Cotten was only 30 years old at the time of his passing, and his death struck many people as quite conspicuous; aside from a will, which he had written mere weeks before his death, he left no documents or clues as to the inner workings of his own company. Equally conspicuous is that Cotten’s death was only announced publicly one month after the fact — and with his death, the death of QuadrigaCX, with about $250 million (Canadian) suddenly locked out of investors’ wallets. Why? Because nobody could access the money; indeed, nobody could access Cotten’s laptop, since he didn’t leave any passwords lying around.
Not even Jennifer Robertson, Cotten’s widow, knew how to log into his laptop, or even knew any details about her late husband’s business. Cotten had died abroad, in India, in December 2018 (on my birthday, believe it or not), and no autopsy was performed on the body. While Cotten seemed to have succumbed to a quick but natural illness, this is a story that does not leave all spectators convinced of its authenticity. The movie follows several crypto enthusiasts, a few financial professionals, and Jennifer Robertson’s sister as they try to pick apart the tangled web of Gerry Cotten’s demise.
Some Bad Actors Play the Blame Game
The first problem one runs into with ‘Trust No One’ is that it is somewhat misleading; for one thing, Gerry Cotten was not a crypto “king” — at most, something akin to a baron, or an unusually wealthy landlord. Cotten himself is rather a shady figure, and the movie doesn’t do much to enlighten us as to the life story of this man; he seemed to be like a lot of crypto enthusiasts: geeky, white, well-to-do, male, and probably suffering from paranoid delusions. Naturally, people with a similar mindset to Cotten’s were quick to suspect something fishy was going on. Did he kill himself? Was he murdered? Did he fake his own death? A quick Google search will tell us that Cotten did, in fact, pass away in December 2018, and the filmmakers behind ‘Trust No One’ are surely aware that it’s very hard to “spoil” a documentary.

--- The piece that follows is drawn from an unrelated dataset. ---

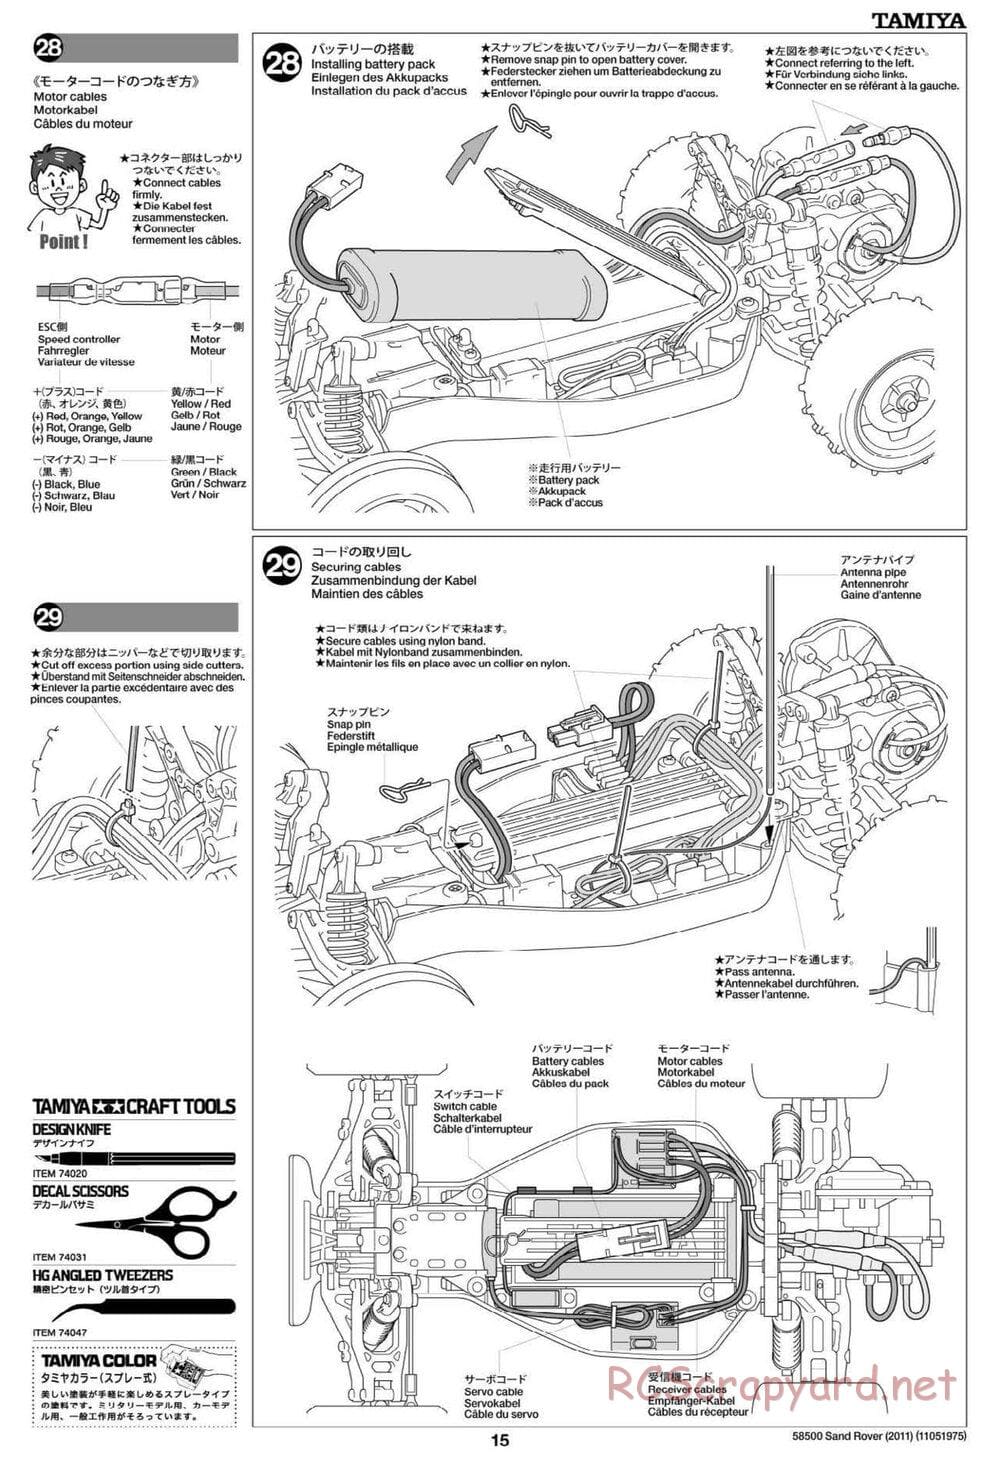 Tamiya - Sand Rover 2011 Chassis - Manual - Page 15

The movie does something that I would consider less than noble: it leads the viewer into adopting a paranoiac mindset, only to dismantle such conspiratorial thinking. On the one hand, the move implicitly condemning the actions of the amateur sleuths who serve as a portion of the interviewees is a righteous position, and had the filmmakers zeroed in on this knocking-down-a-peg, I would recommend it a good deal more eagerly. My goodness, one of the interviewees is an anonymous source who dons a fox mask and a voice modulator; this is the kind of material that’s ripe for the picking.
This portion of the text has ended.